§ **WHAT YOU SHOULD DO**
Repeat nothing but the line that contains "Calvin Klein Women's" and the lines after it, through the end of the listing, exactly as they stand; omit pictures.

§ **EXERCISE DATA**
****
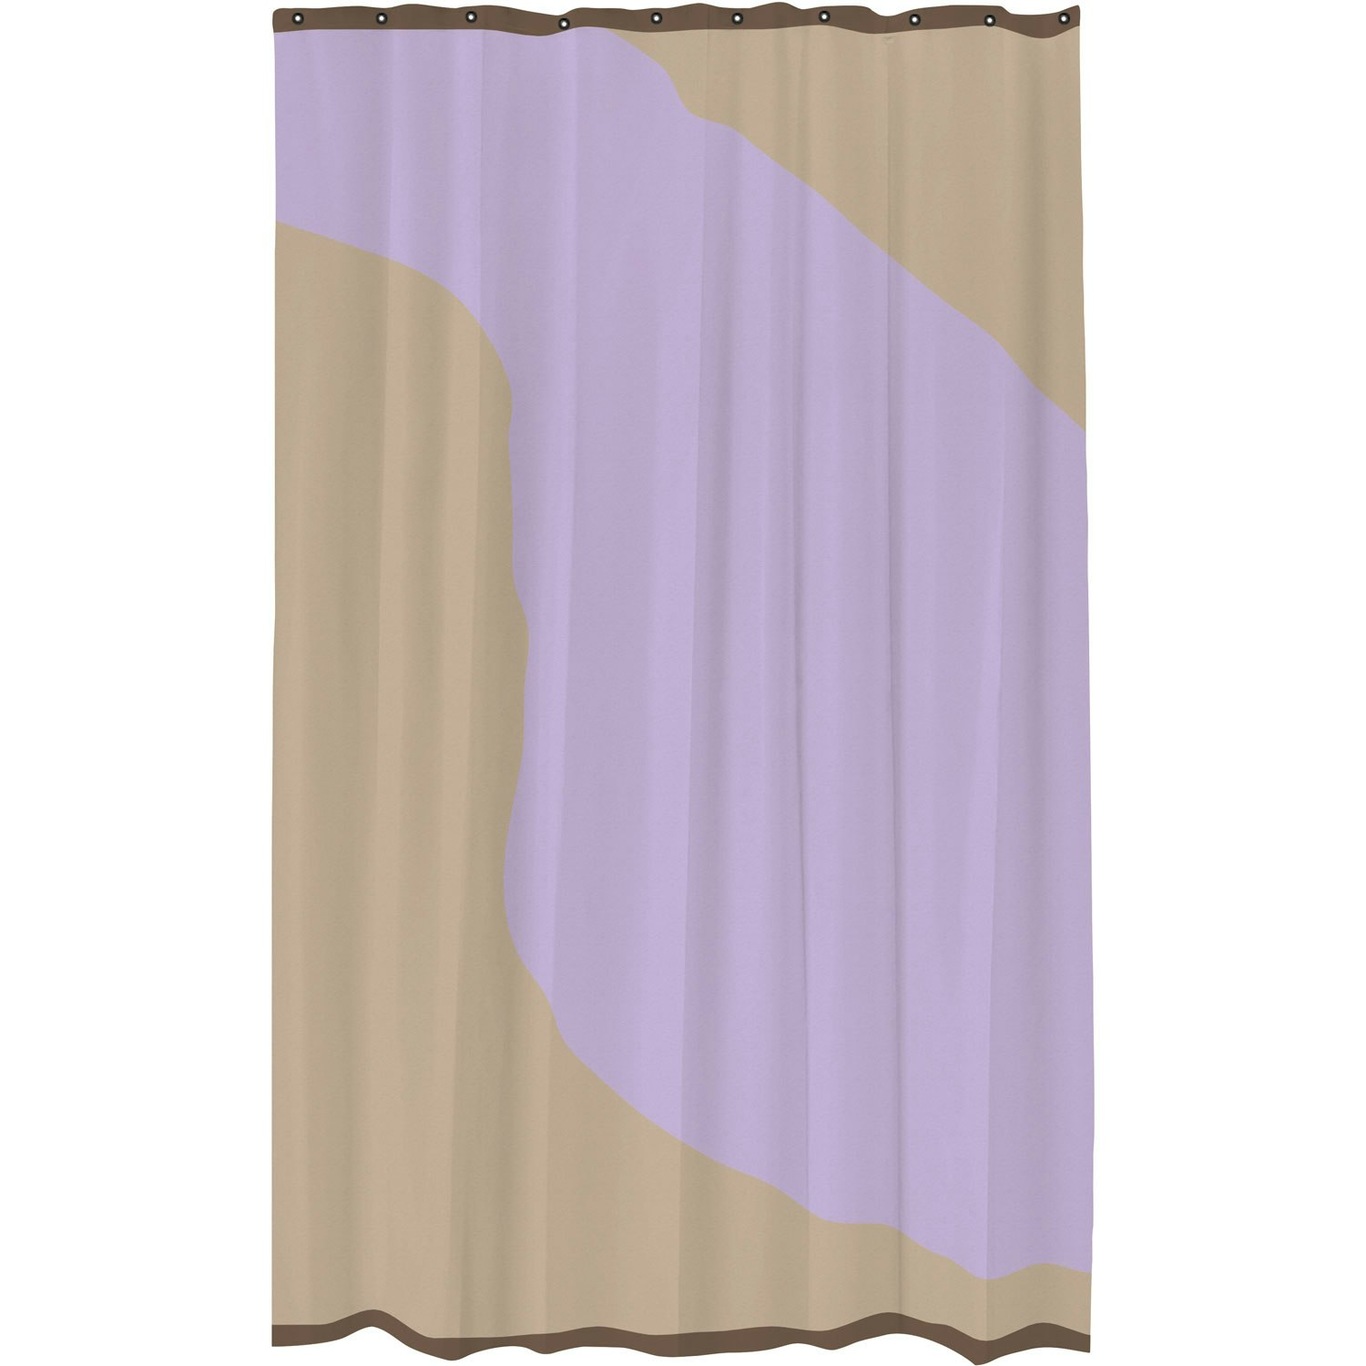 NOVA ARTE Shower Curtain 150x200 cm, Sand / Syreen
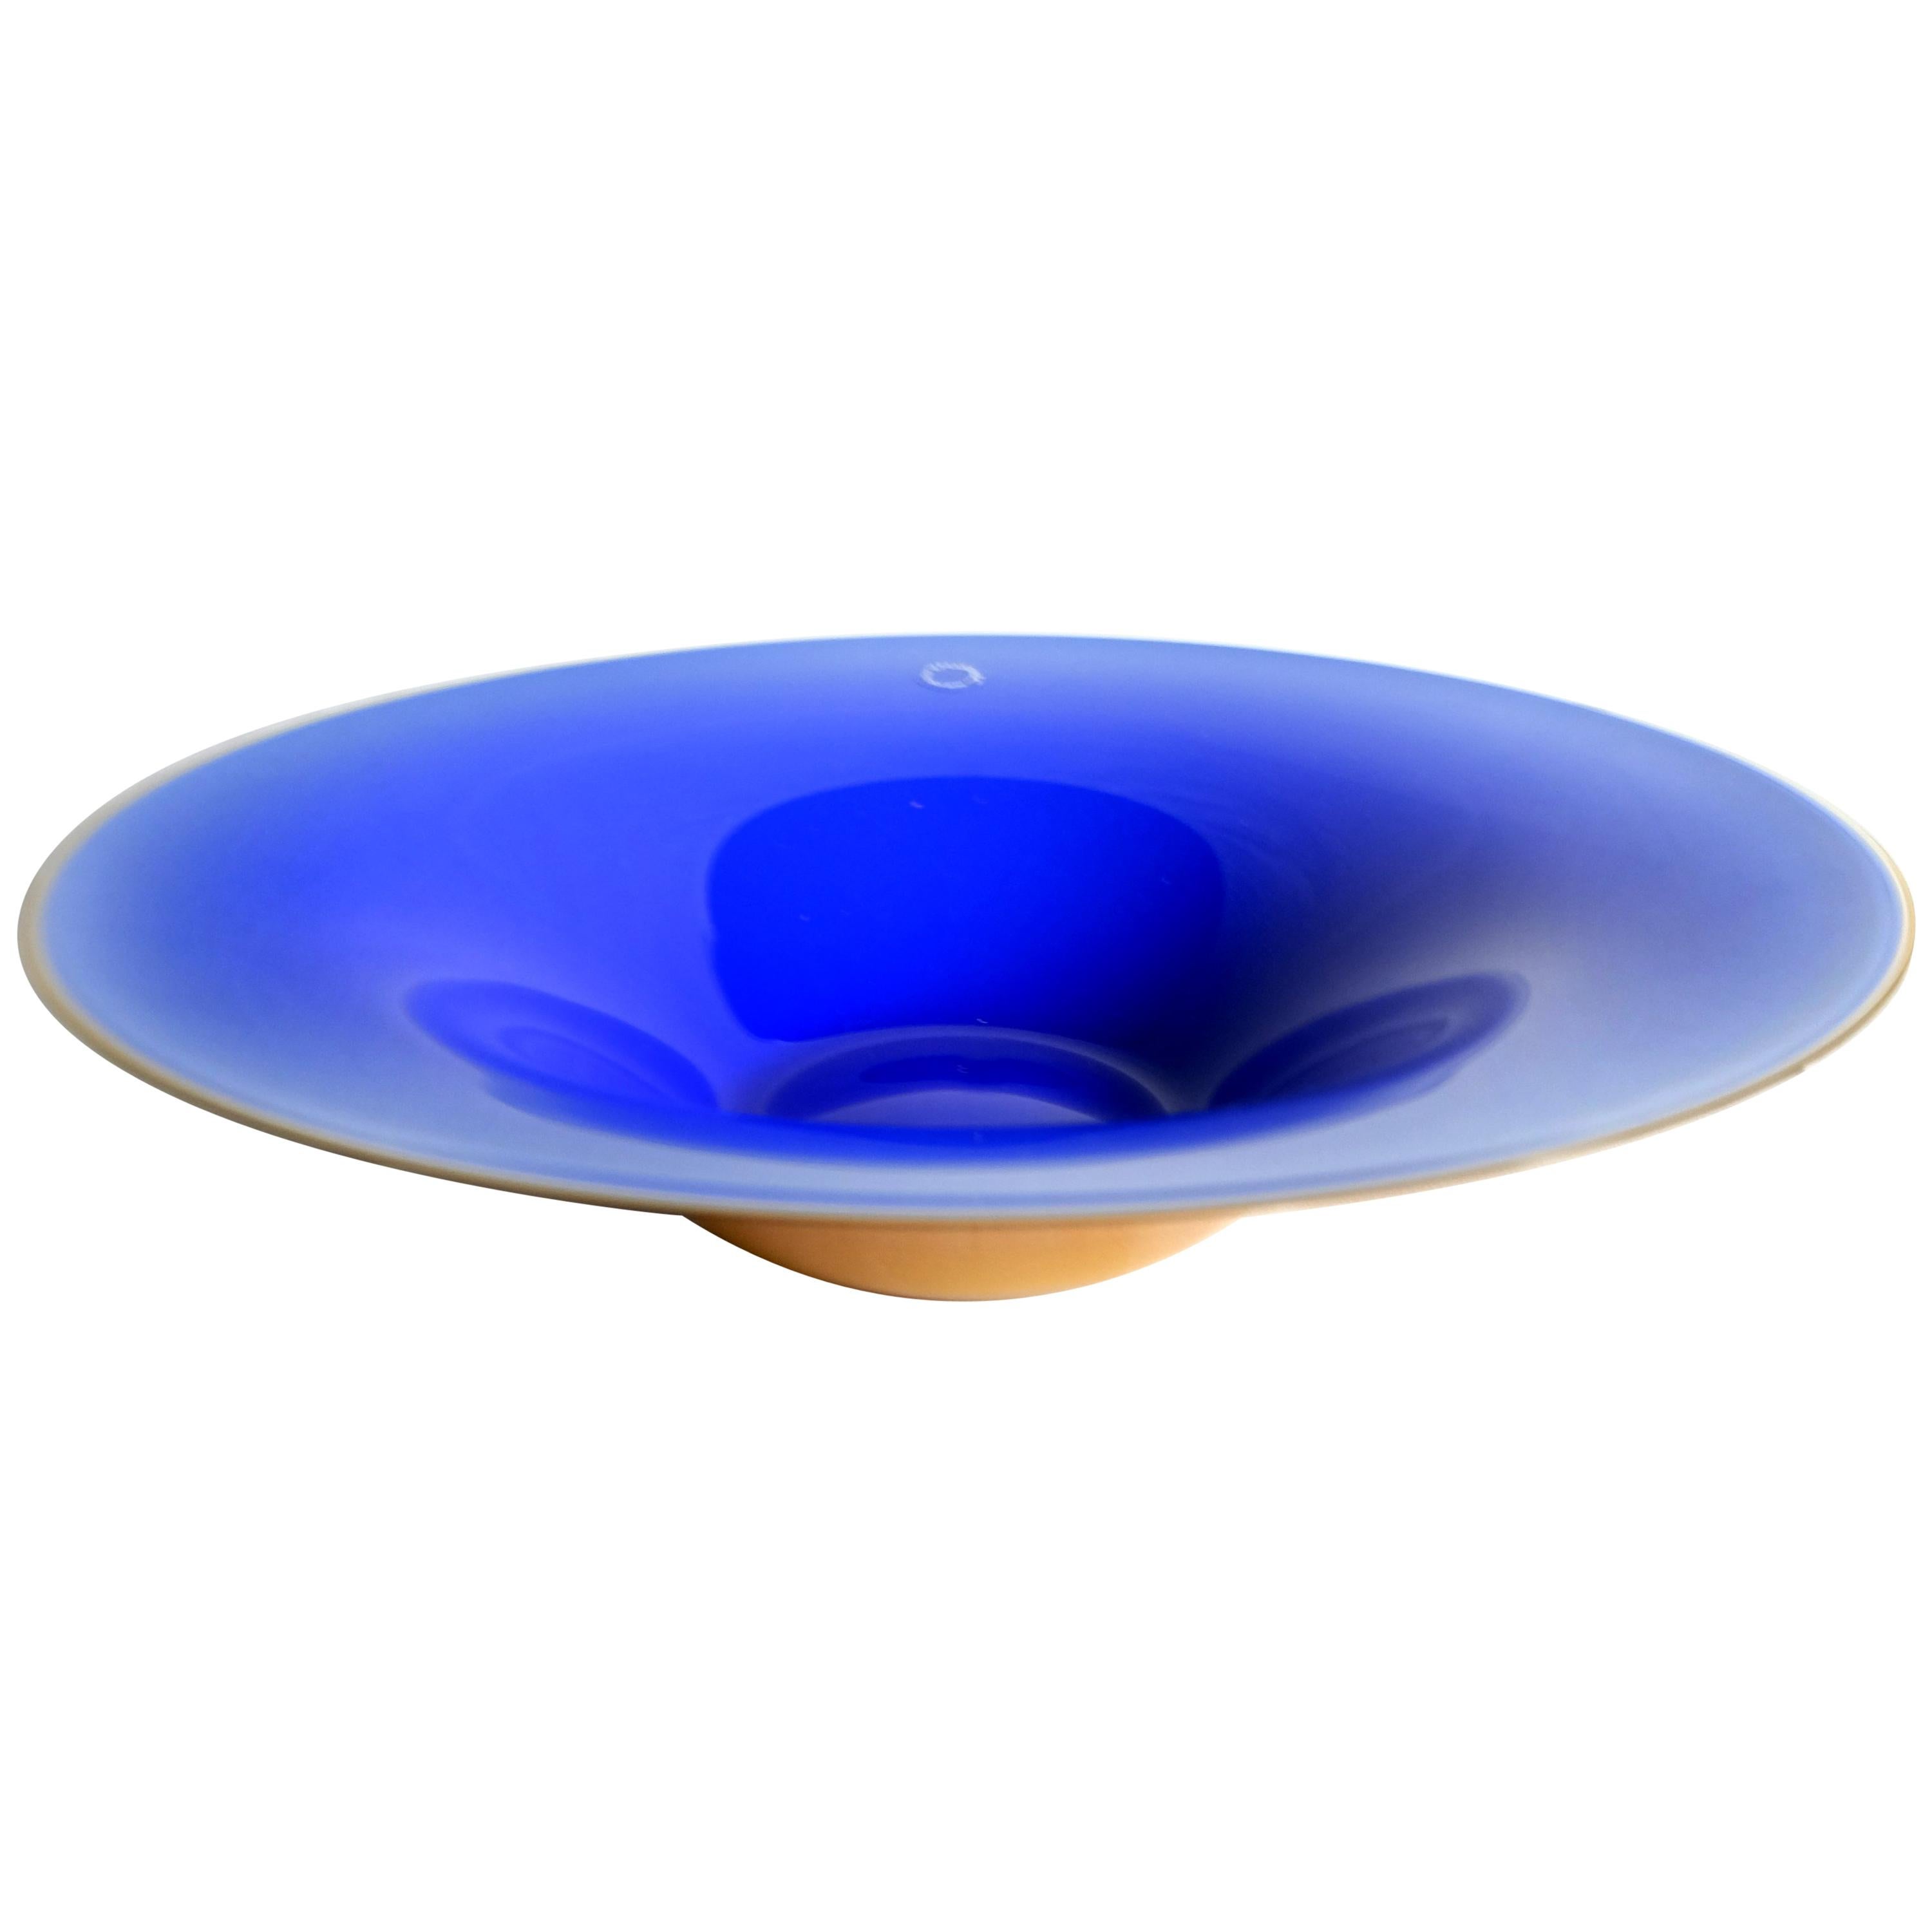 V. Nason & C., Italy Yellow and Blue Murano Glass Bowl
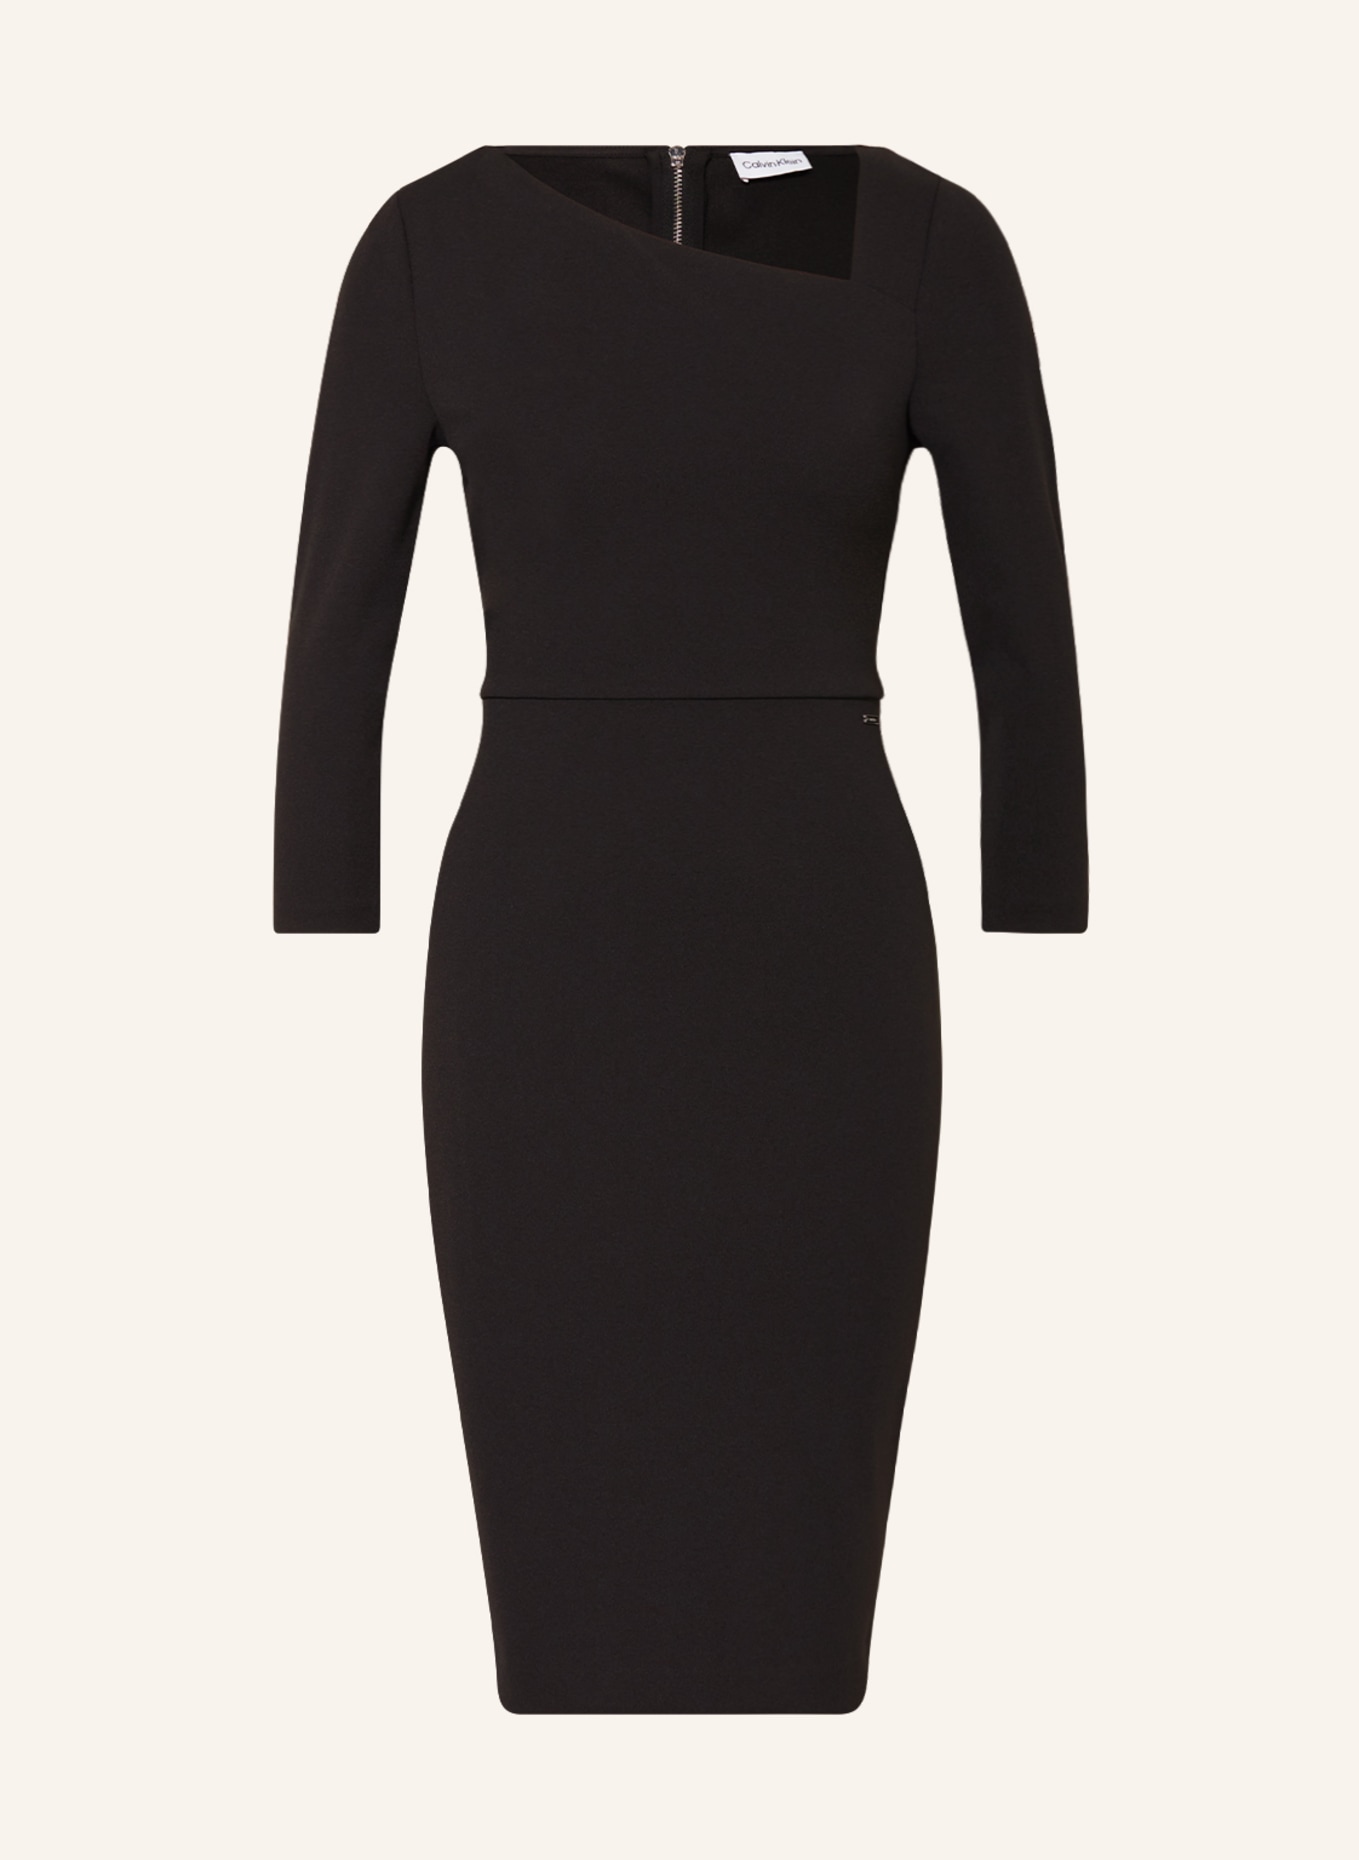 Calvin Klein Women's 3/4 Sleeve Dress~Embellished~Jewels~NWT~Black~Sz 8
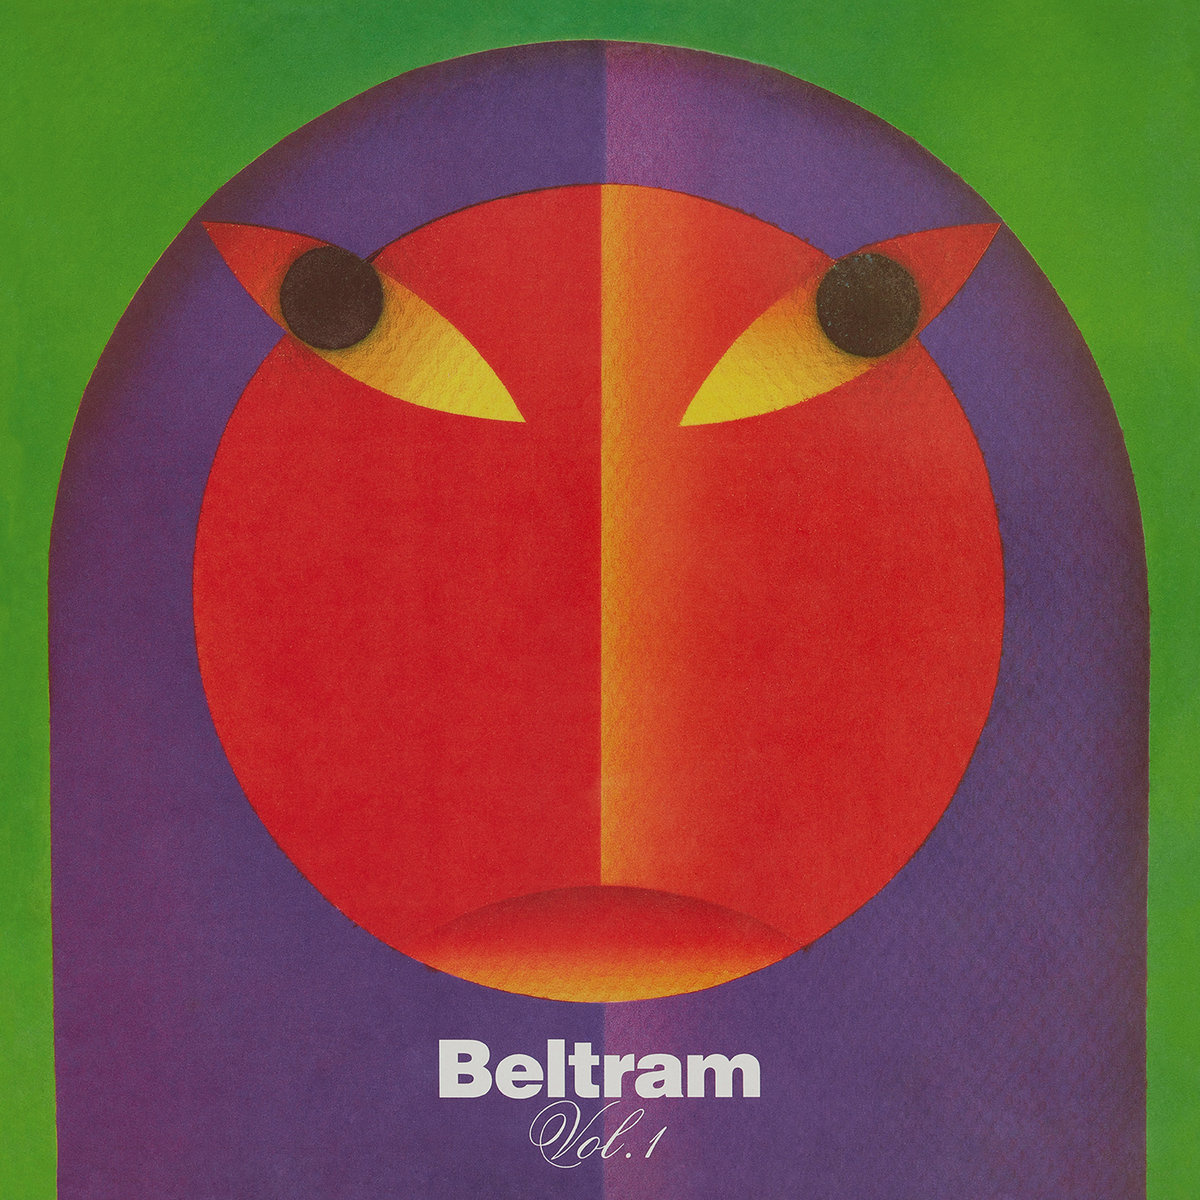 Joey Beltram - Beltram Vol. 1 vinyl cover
****
§ **FINISHED EXERCISE**
 Calvin Klein Women's 3/4 Sleeve Dress~Embellished~Jewels~NWT~Black~Sz 8
 Joey Beltram - Beltram Vol. 1 vinyl cover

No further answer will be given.